2. Linked lists have efficient memory utilization. Here, memory is not preallocated. Memory is allocated whenever it is required and it is de-allocated (removed) when it is no longer needed.
3. Insertion and Deletions are easier and efficient. Linked lists provide flexibility in inserting a data item at a specified position and deletion of the data item from the given position.
4. Many complex applications can be easily carried out with linked lists.
5. There is no need to define an initial size for a Linked list.
6. Linked List reduces the access time.
Demerits of Linked List
1. They use more memory than arrays because of the storage used by their pointers.
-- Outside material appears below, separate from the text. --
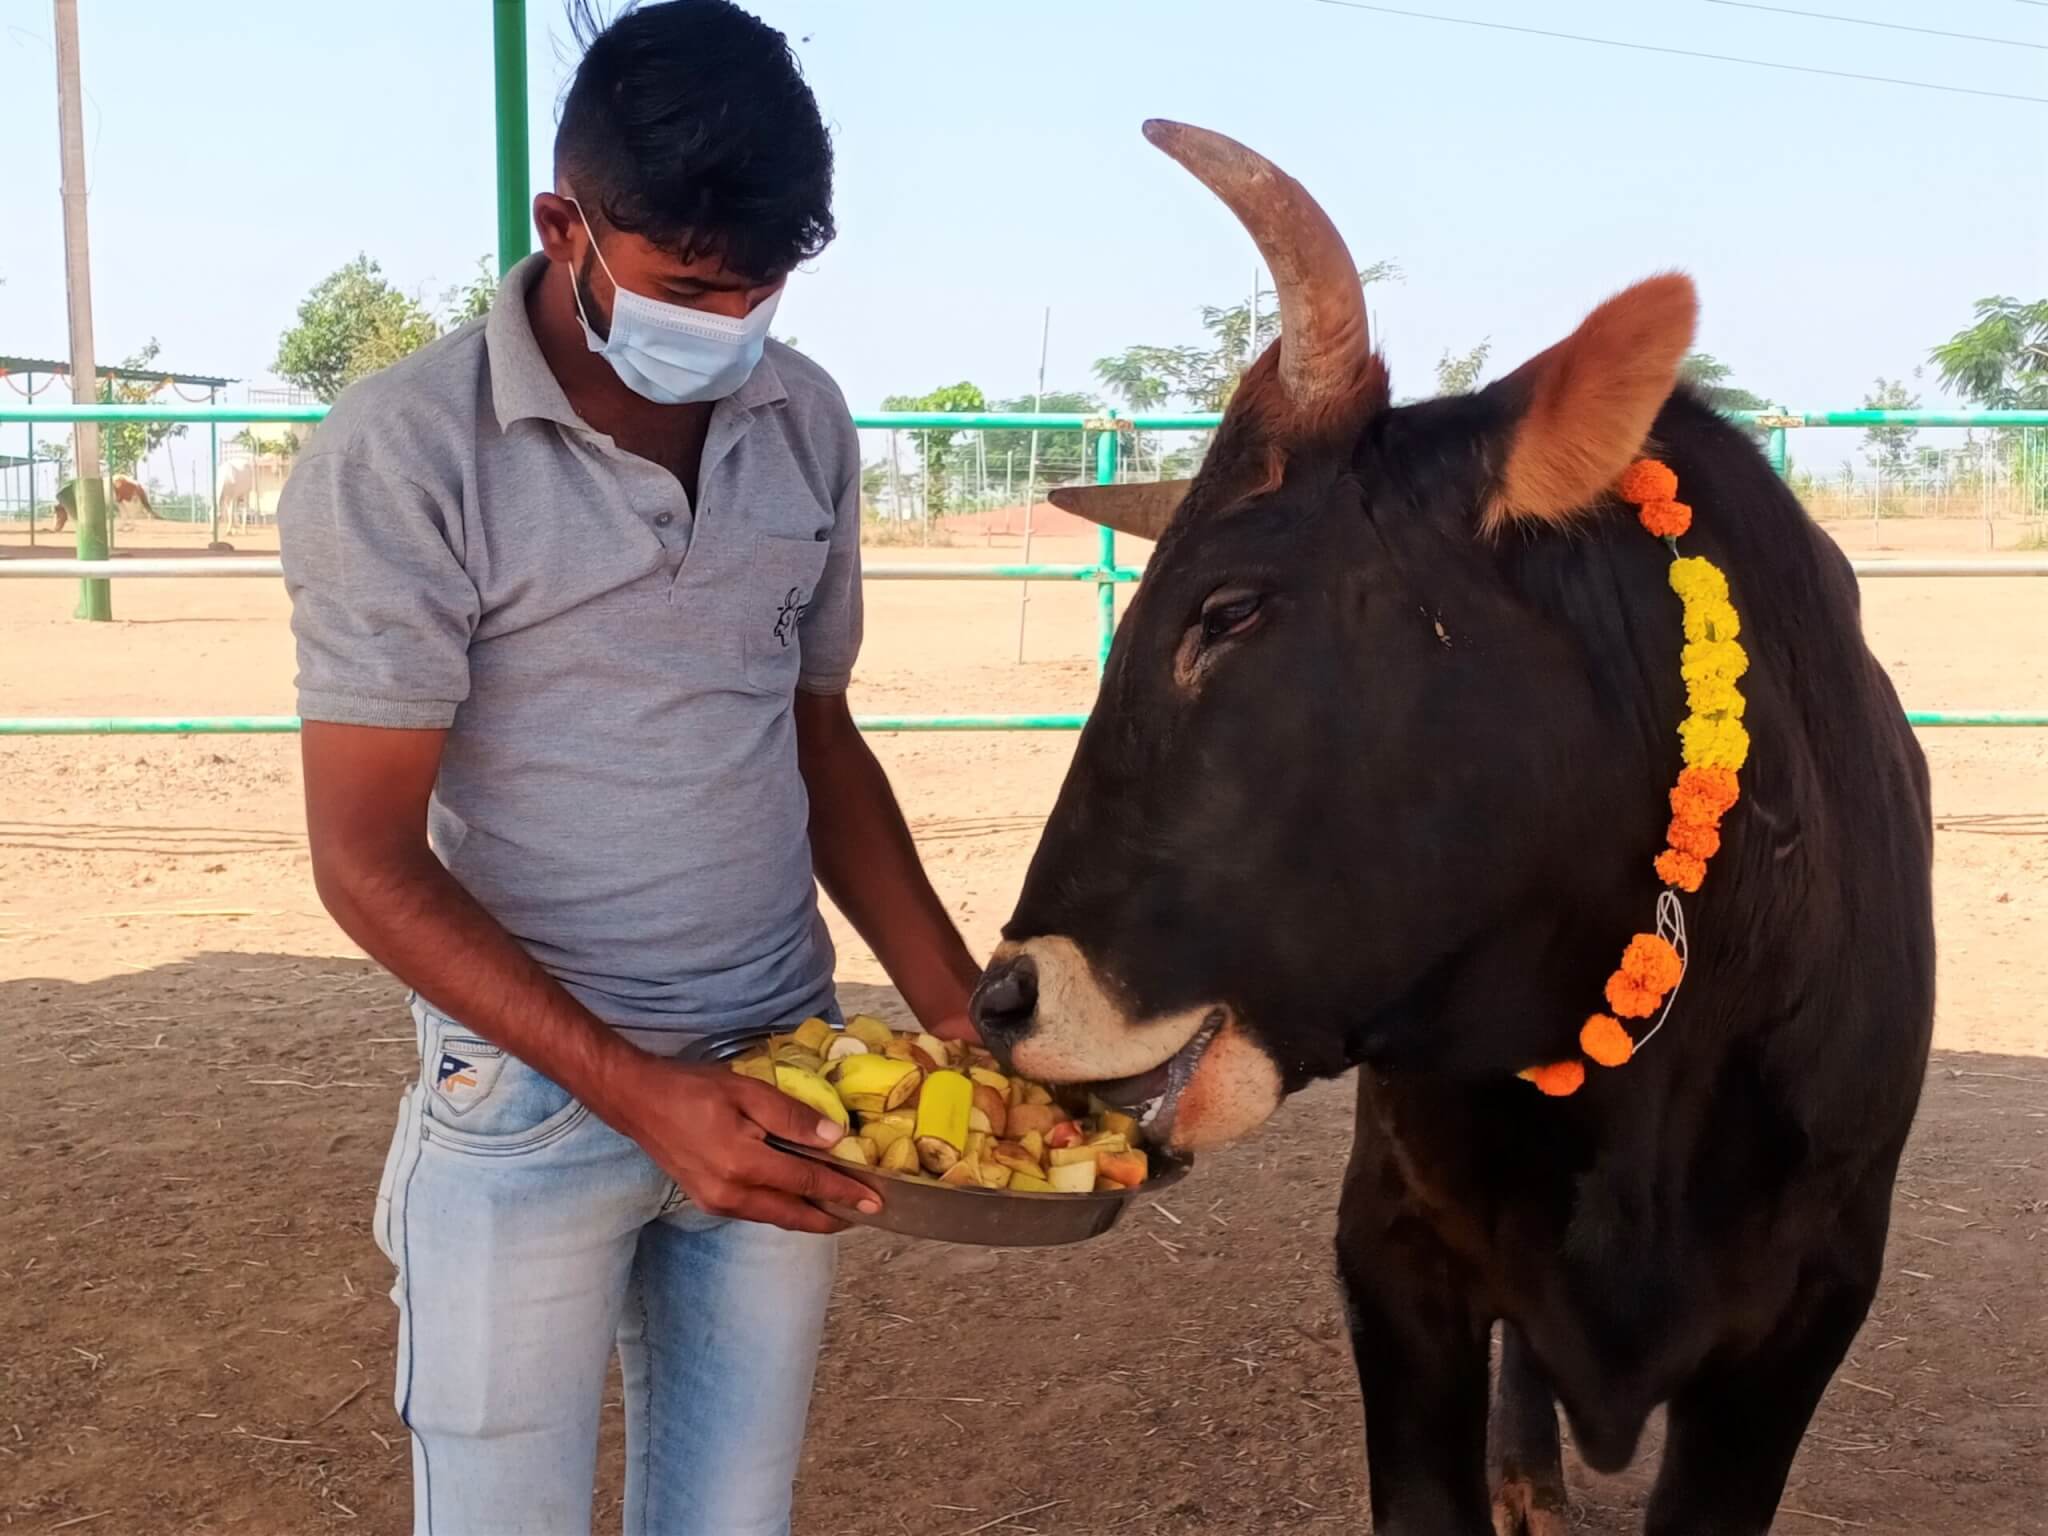 Mahadev, who was rescued as a tiny calf, is now grown and happy to gobble up a big plate of fresh fruit.

2. Difficulties arise in linked lists when it comes to reverse traversing. For instance, singly linked lists are cumbersome to navigate backwards and while doubly linked lists are somewhat easier to read, memory is wasted in allocating space for a back-pointer.
3. Nodes in a linked list must be read in order from the beginning as linked lists are inherently sequential access.
4. Nodes are stored in-contiguously, greatly increasing the time required to access individual elements within the list, especially with a CPU cache.
13. What is priority queue? How it is best implemented?
A
priority queue is a collection of elements such that each element has been assigned
a priority and the order in which elements are deleted and processed comes from
the following rules:.
- An element of higher priority is
processed before any element of lower priority.
- If two elements has same priority then they are processed according to the order in which they were added to the queue.
There are two types of priority
queues they are as follows...
- Max Priority Queue
- Min Priority Queue
1. Max Priority Queue: In max priority queue, elements are inserted in the order in which they arrive the queue and always maximum value is removed first from the queue. For example assume that we insert in order 8, 3, 2, 5 and they are removed in the order 8, 5, 3, 2.
2. Min Priority Queue: Min Priority Queue is similar to max priority queue except removing maximum element first, we remove minimum element first in min priority queue.
Priority Queues can be implemented using common data structures like arrays, linked-lists, heaps and binary trees.